Я ничего не ел целых два дня, а она со своим сыном почти четыре. Кстати, звали ее Эмилия. Эмилия Лингворт, вот как. Самое близкое ранчо находилось в двенадцати милях, я отправился туда и привез еды для всего семейства.
Какой она приготовила обед, ребята, если бы вы только знали! Я такого в жизни не пробовал. А к столу она подавала как принцесса. Я глаз от нее не мог отвести. И все, что она говорила, казалось мне музыкой. А маленький веснушчатый паршивец устроился у меня на коленях и потихоньку подбирался к моей шестизарядке. Замечательный был парнишка, скажу вам! И знаете, эти несколько часов рядом с женщиной в заброшенном степном ранчо были моим единственным настоящим приключением за много лет!
После обеда она рассказала, что банкир из соседнего города надул ее на тысячу двести долларов. Предложил ей купить какие-то акции, и в результате она потеряла все свои деньги. Она в этих делах ничего не смыслила, совсем как ребенок.

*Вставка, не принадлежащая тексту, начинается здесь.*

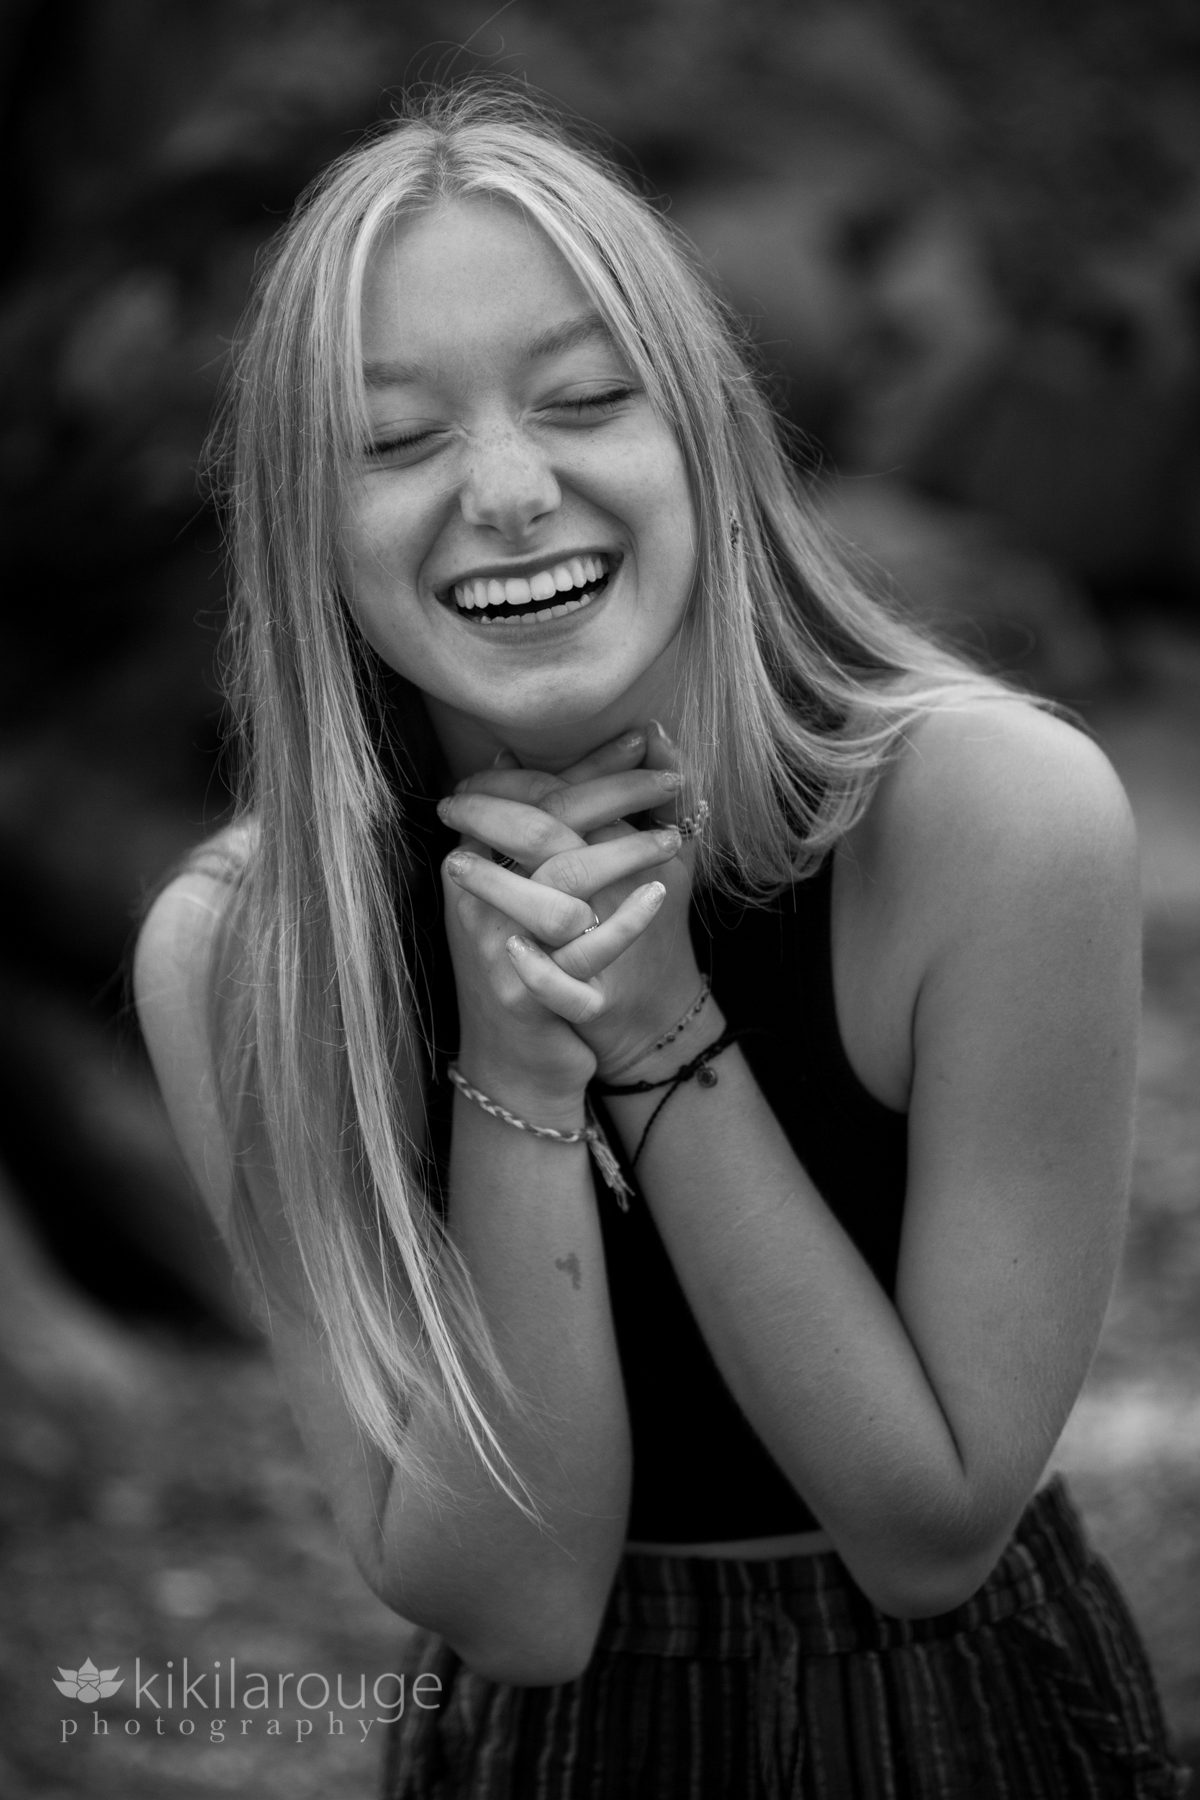 Blonde teen girl holding hands and laughing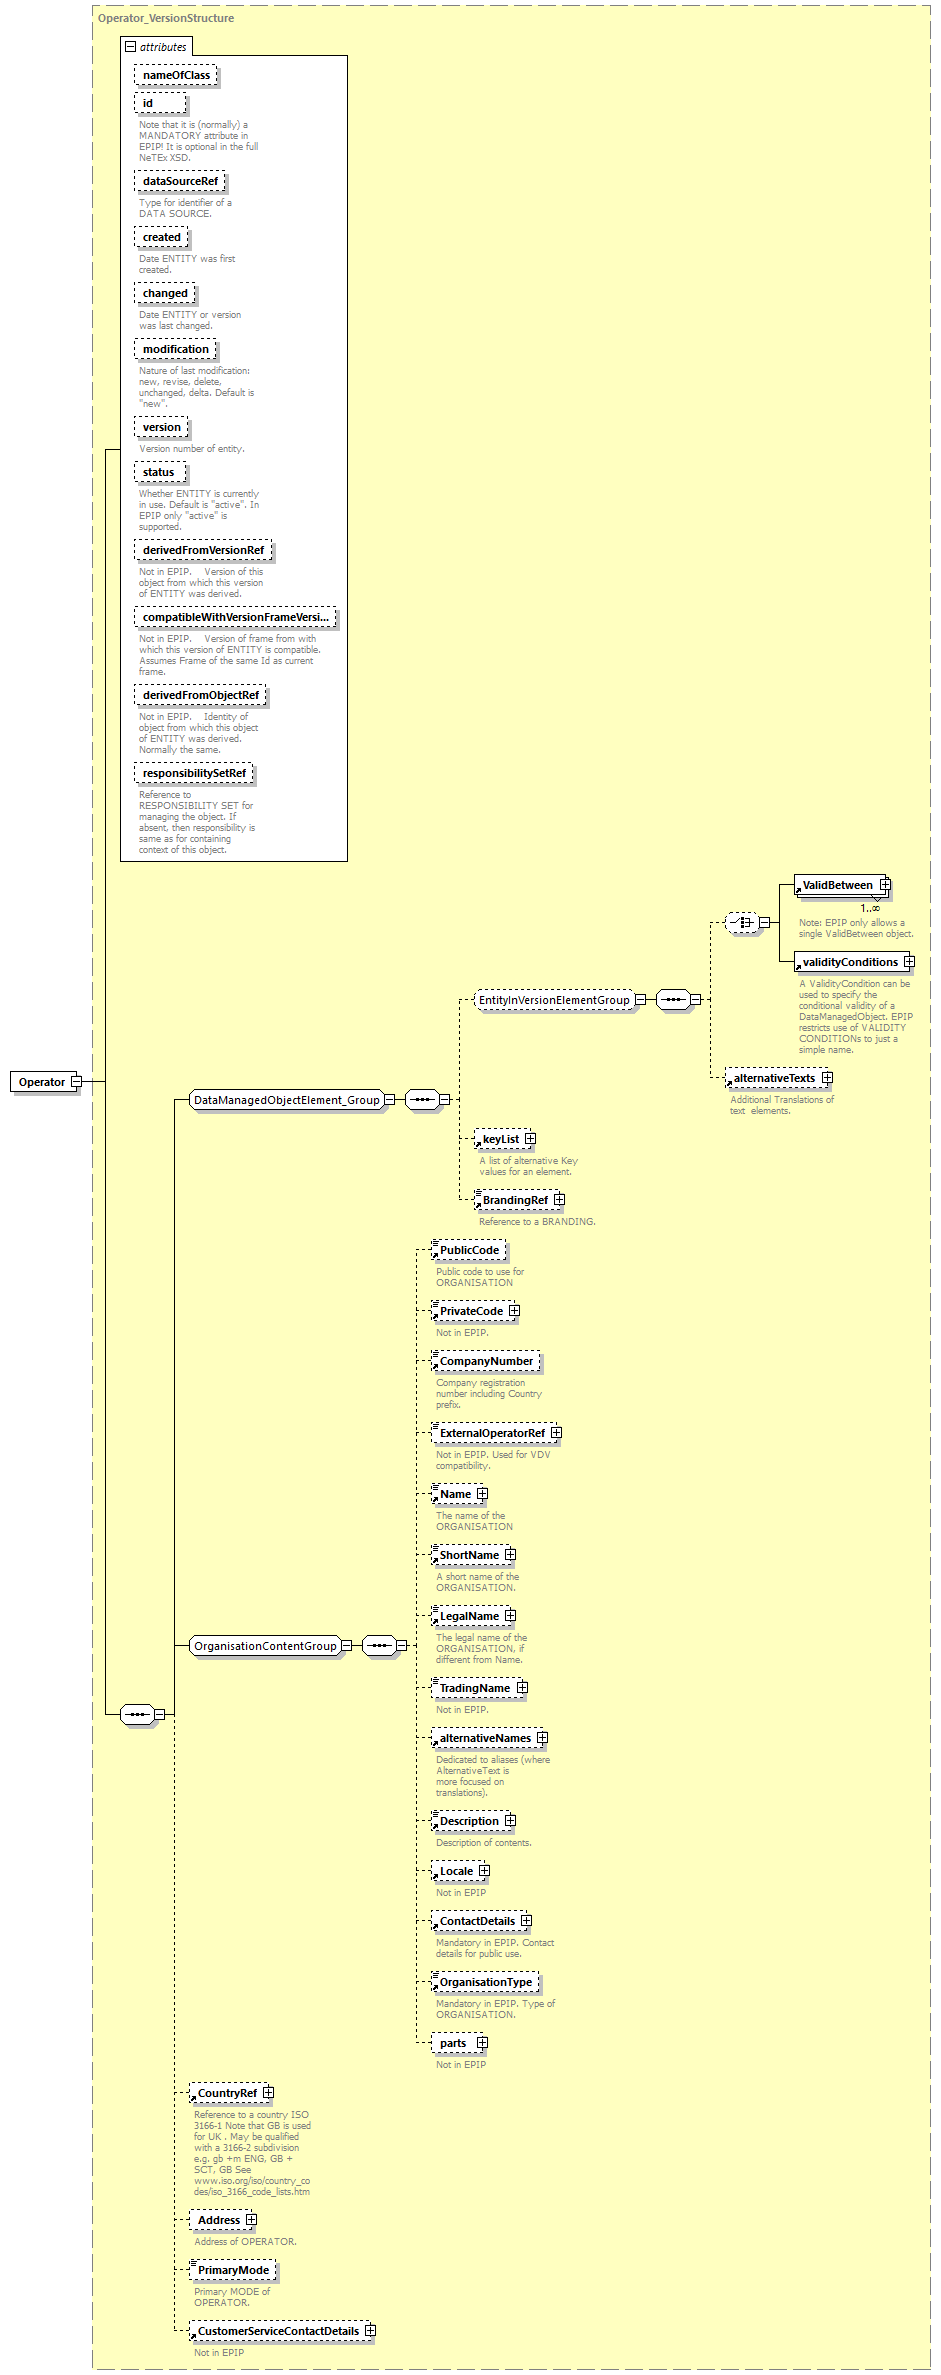 reduced_diagrams/reduced_p293.png

И тут на меня нашло. «Ну постой же, проклятый торгаш, — сказал я, — я выбью из тебя эти тысячу двести монет, и ты на весь остаток жизни запомнишь день продажи своих проклятых акций. Ты узнаешь, что на свете существует Билли Рэйдлер с Индейской территории, и ты увидишь, что он человек справедливый и, если нужно, сумеет защитить слабого».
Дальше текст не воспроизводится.